We love the work of Canadian-born, New York raised illustrator, Benjamin Marra. We asked him about it recently. There’s a dark thread to your work. There appears to be layers of storylines beneath the surface — and not all of them pleasant. Fair call? ‘Definitely a fair call, though the darkness isn’t something that I’m aware of when I’m making a drawing. There’s a lot of violence for sure — explosions, battle-axes, guns, babes, broads, dames, cars, demons, and blades. I’m indulging my adolescent self in drawing that stuff. While it’s all external subject matter, I’m sure whatever cynical feelings I have about the world creep in without me knowing. You know, like, when you walk in darkness, you don’t see the shadows. Word. That sounds like a Danzig lyric, doesn’t it? My buddies and I caught his show last Saturday. Amazing. Amazing. That guy is 52! He busted up his shoulder in Baltimore falling off the stage and had his arm in a sling the entire show. But I’ve seen him three times and he sounded the best this time around’.

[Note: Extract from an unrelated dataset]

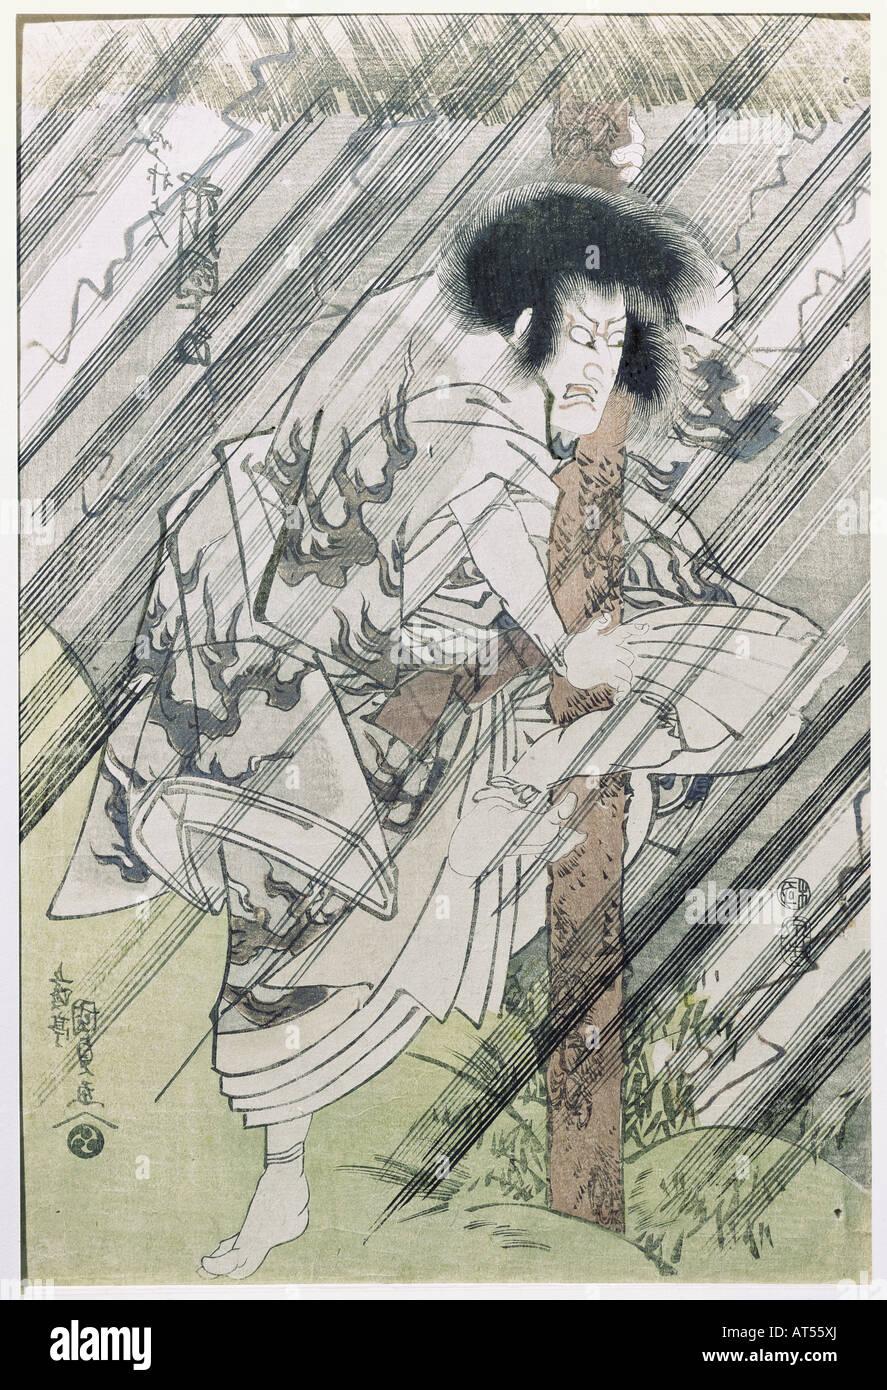 Bildende Kunst, Kunisada, GOTOTEI I, (1785-1865), Tokoyuni III. aus dem Jahre 1844, "Der Schauspieler Idukawa Danjuro VII. als Shirobei in einem Gewitter (Szene aus dem Spiel Edo no hana wakayagi Soga)', farbige Holzschnitt, Japan, ca. 1818, F. Winzinger Sammlung, Regensburg, Artist's Urheberrecht nicht geklärt zu werden. Stockfoto

Your illustrations are mind-blowing. How do you know when one is finished? What’s the trigger to let it go? ‘Thanks, man. An illustration is pretty much finished when the deadline hits, the art director pries it out of your hands and publishes it. I don’t usually know when an illustration is finished. When I’m working on stuff for myself, I’ll go back to things weeks or months later and add stuff. There are times when I’m working on something and I don’t know how next to proceed. That’s the trigger. I almost always know what I’m going to do next in a drawing because I get inspired by what I’m working on while I’m drawing. So when I don’t know what to do next, I’ll stop. But then again, sometimes that’ll be how the drawing ends and sometimes I’ll go back later. Sometimes other people tell me a drawing is done’.